The output should match, line for line, the records from the line containing "Branca shirt" through the line containing "рабочая программа по", with every picture left out.

Entries shown:
"""

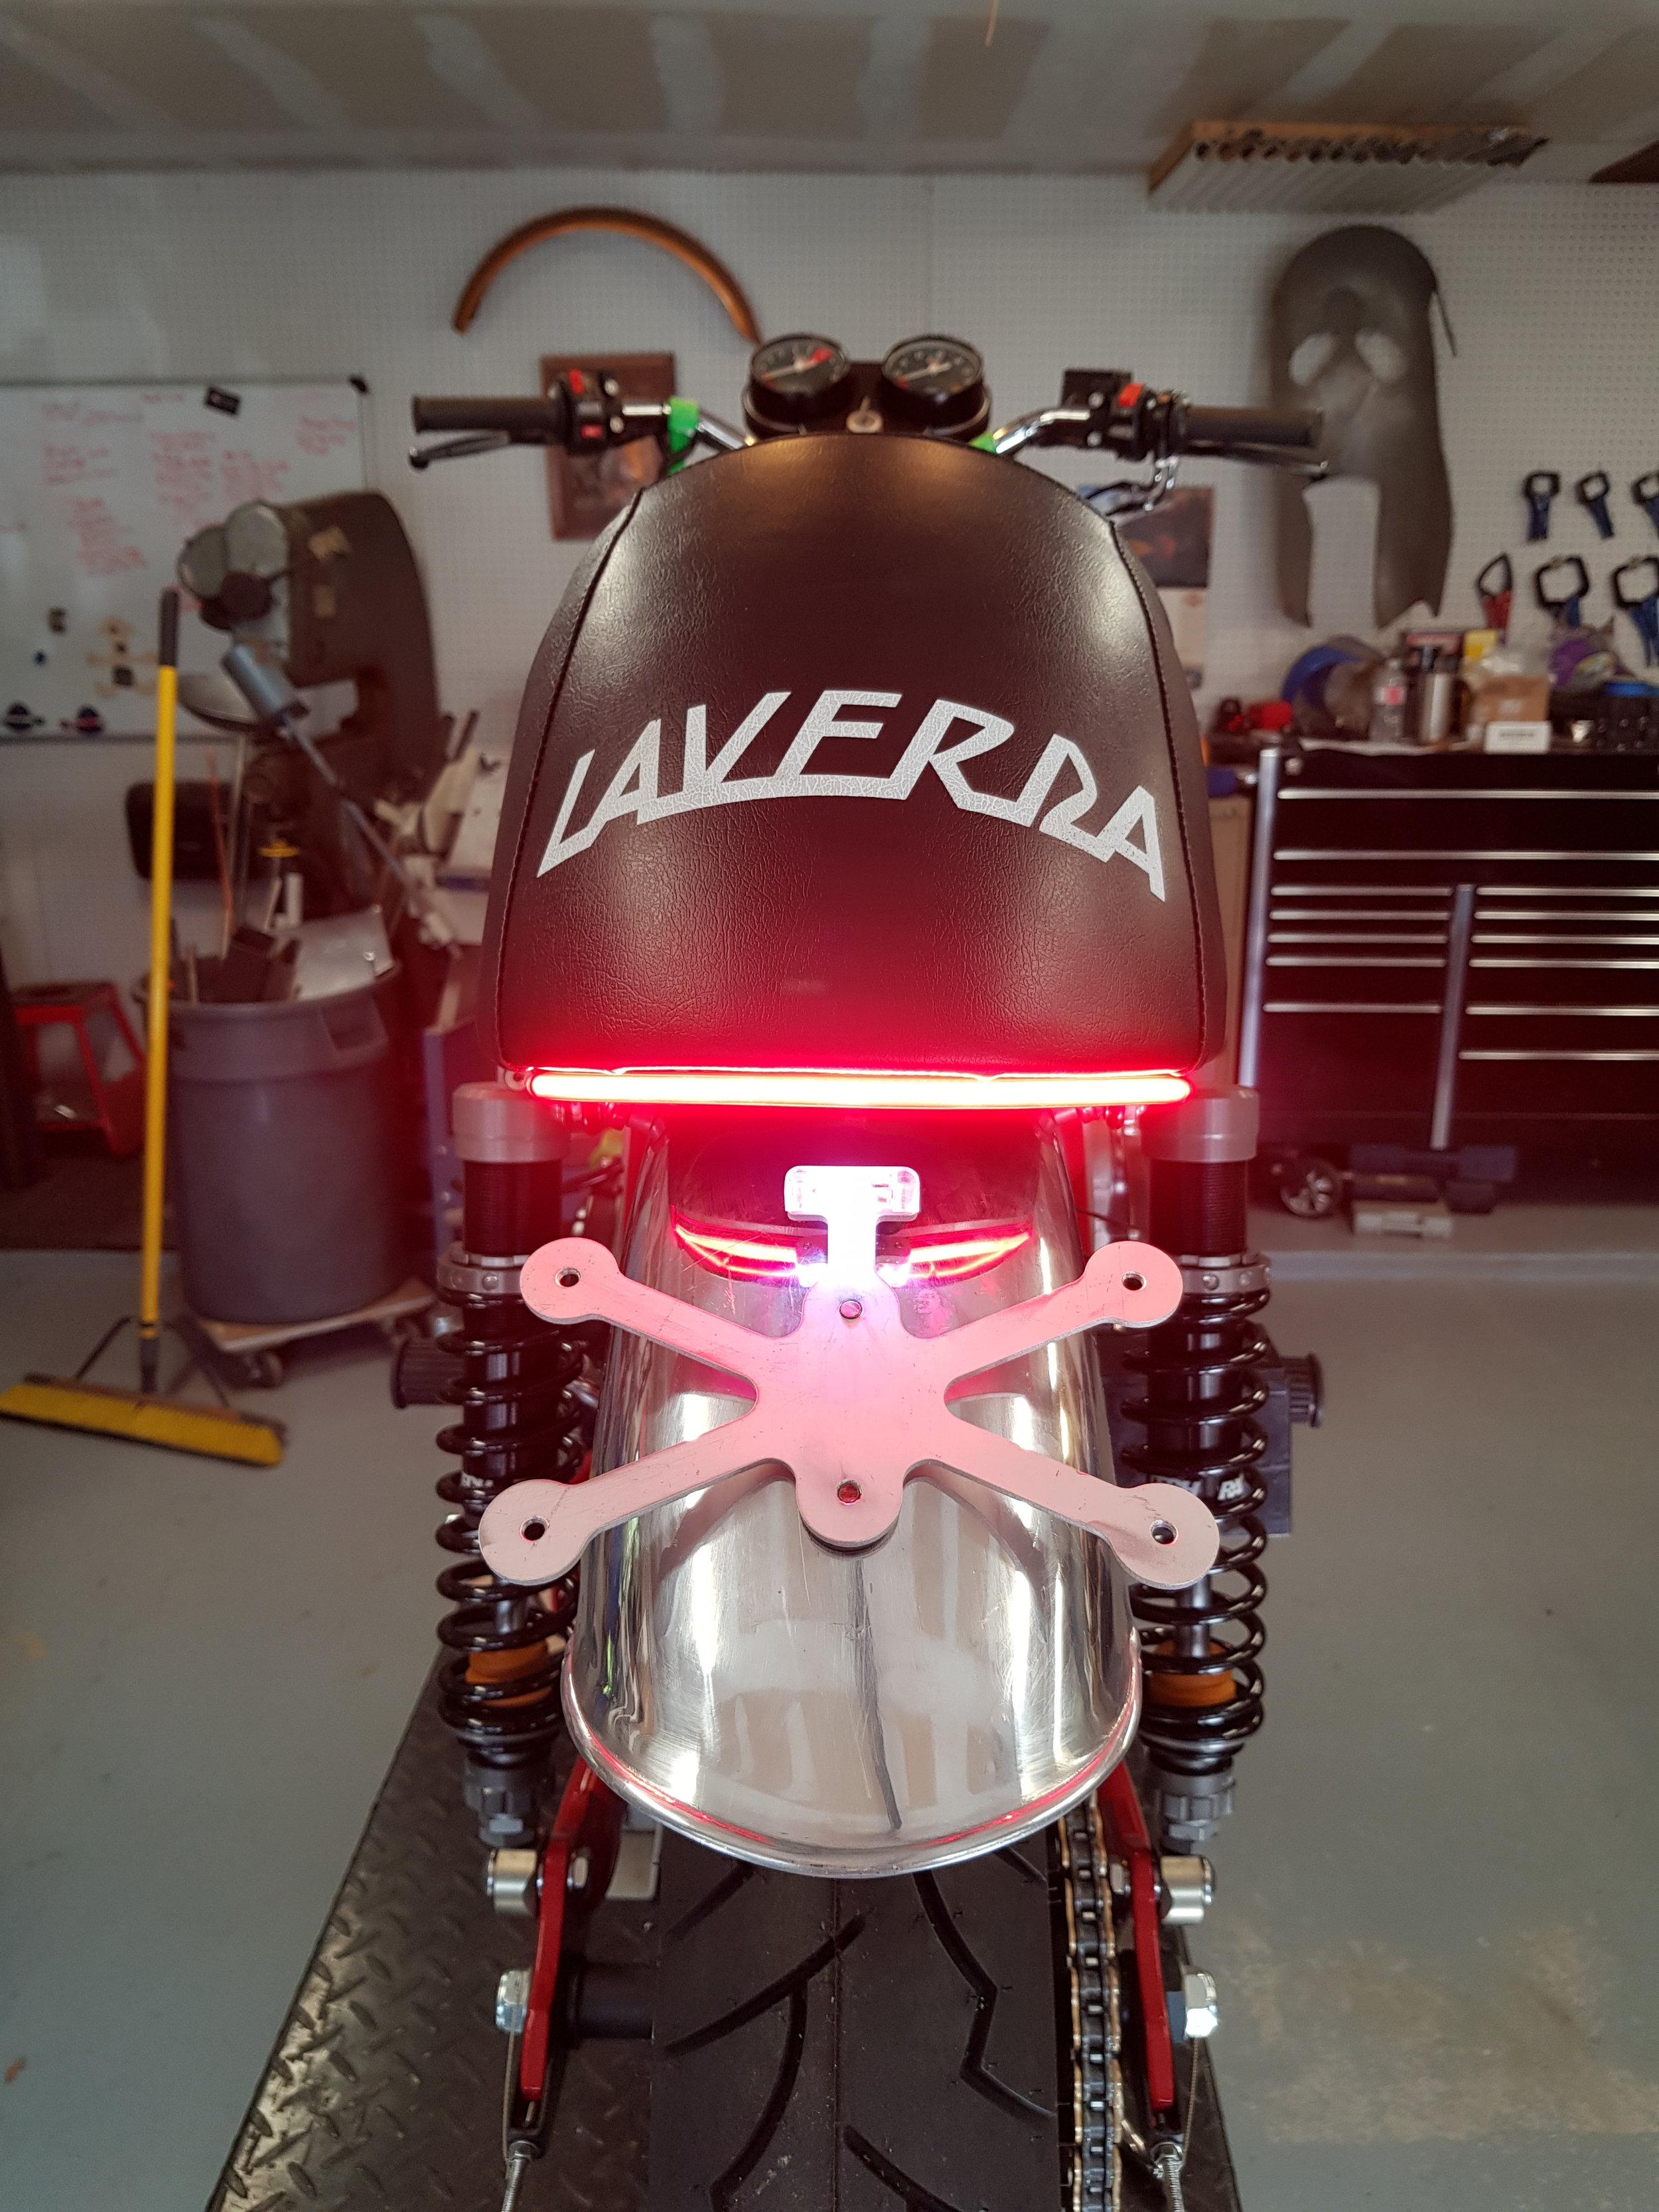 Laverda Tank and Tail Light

"""
"""

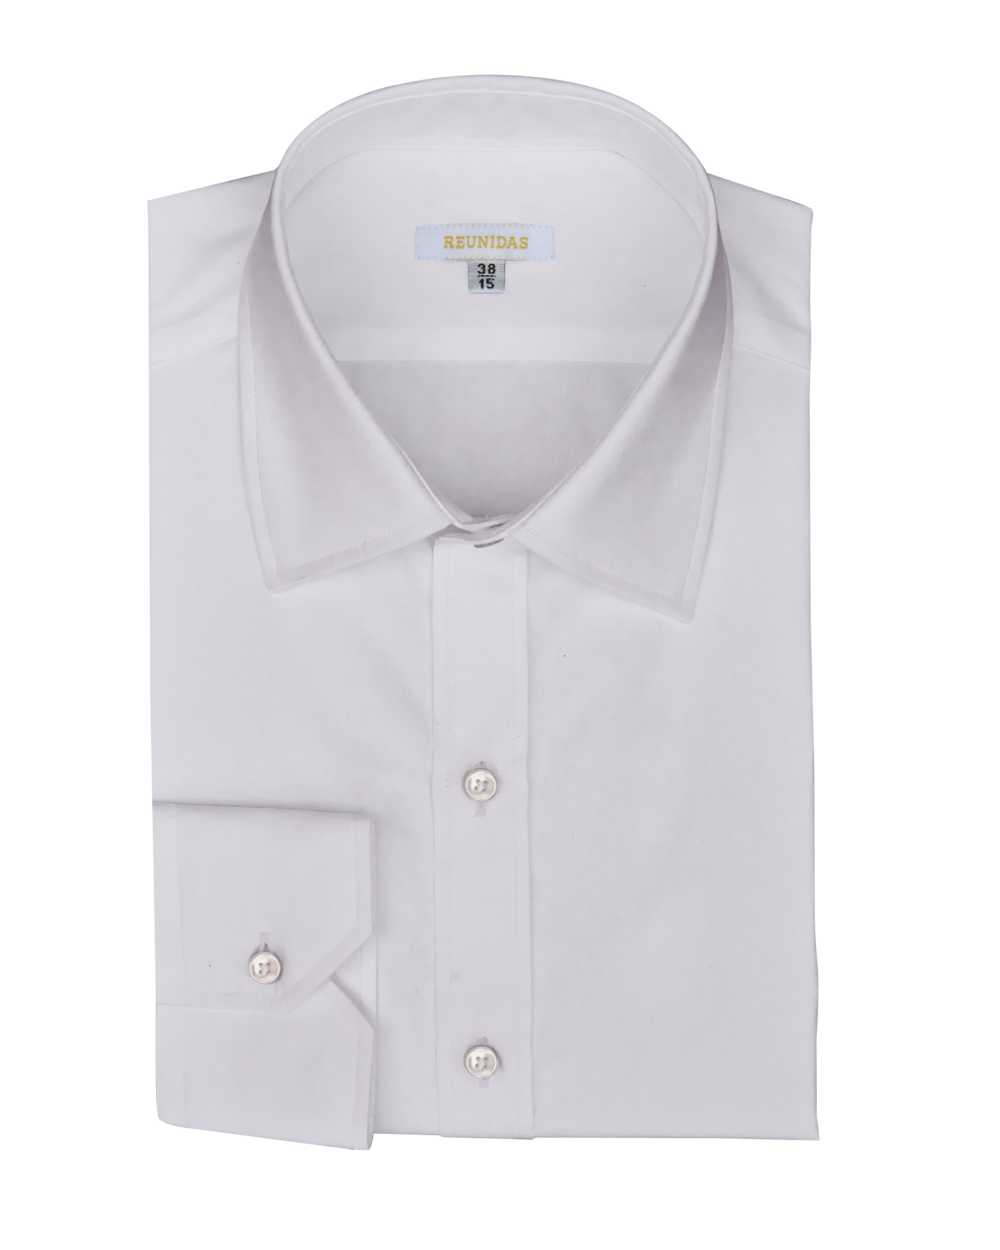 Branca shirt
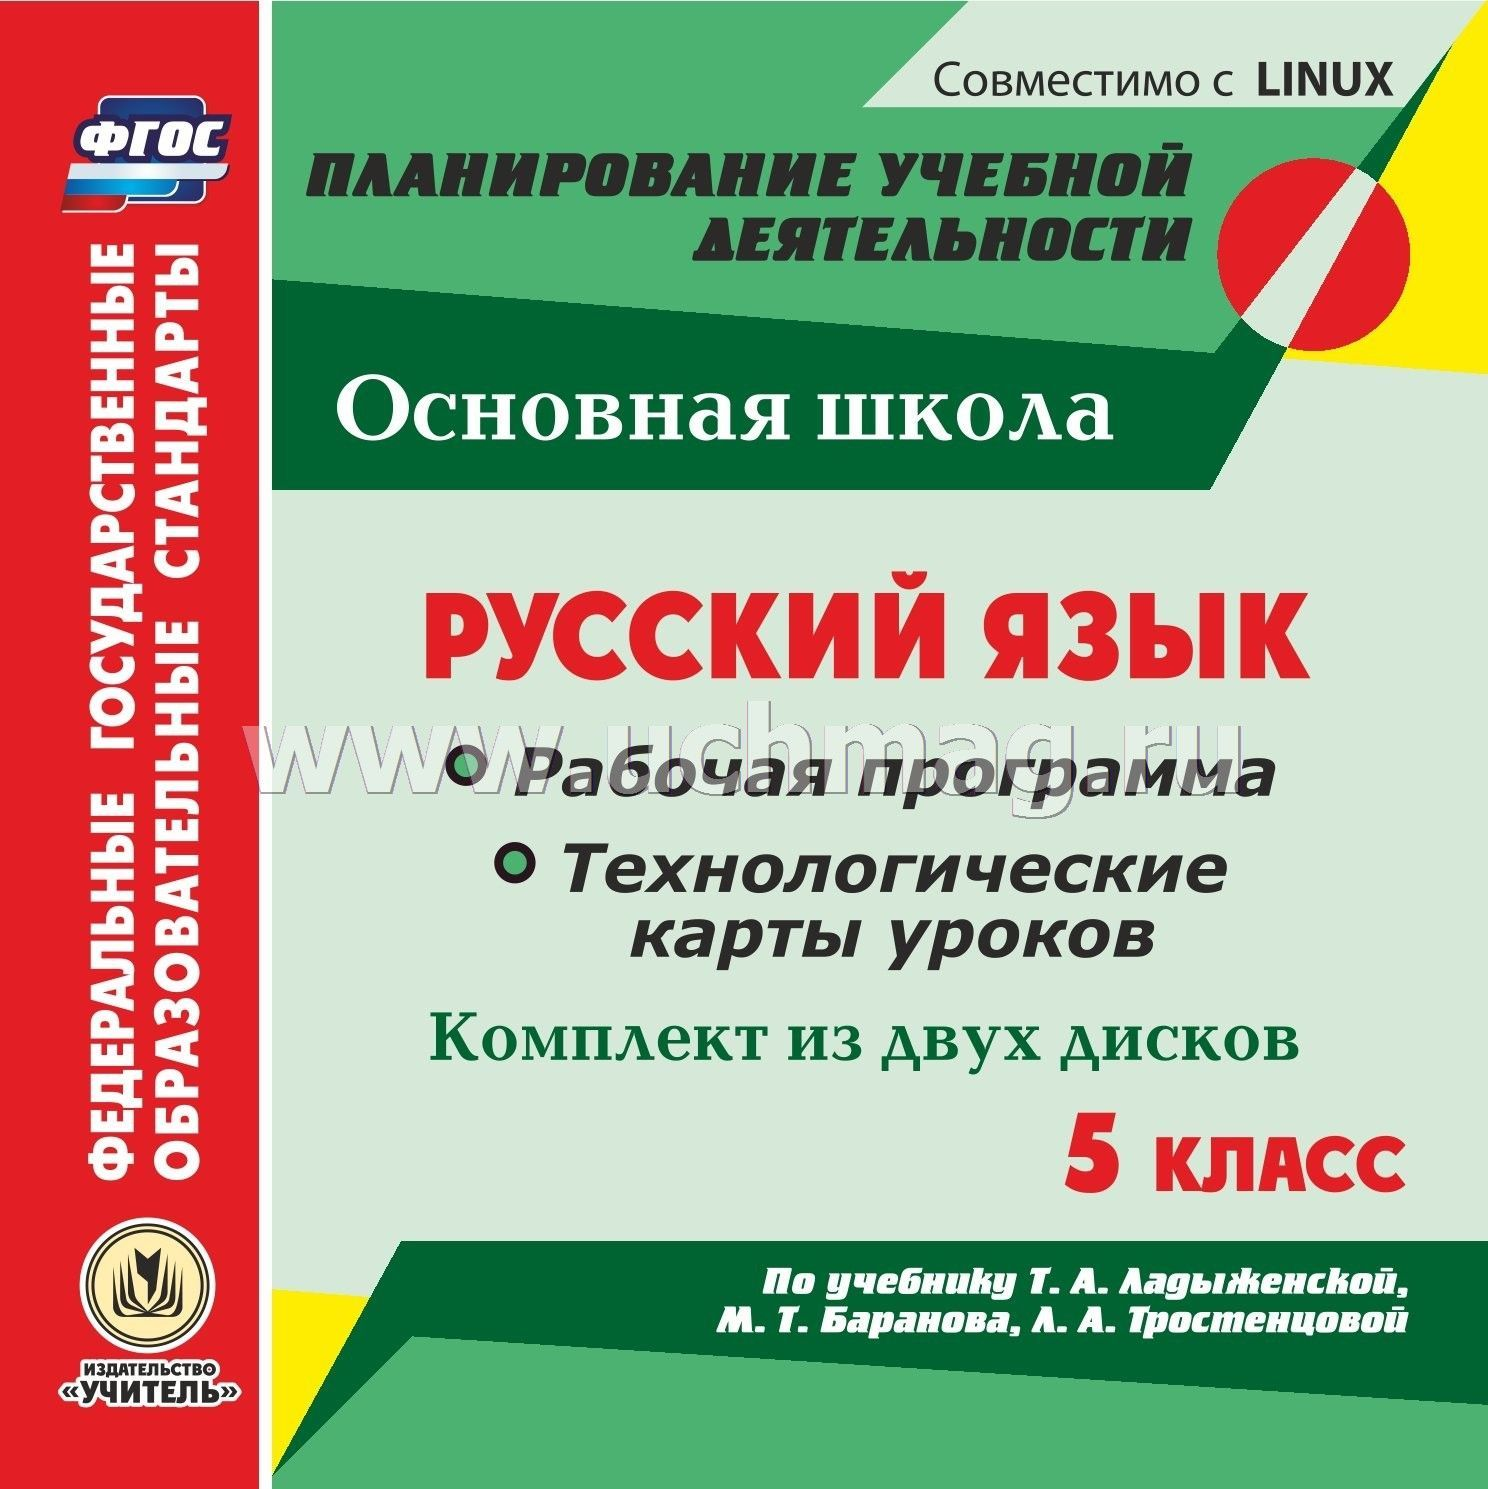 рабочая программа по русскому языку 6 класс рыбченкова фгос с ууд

"""

Completed task:
 Branca shirt
 рабочая программа по русскому языку 6 класс рыбченкова фгос с ууд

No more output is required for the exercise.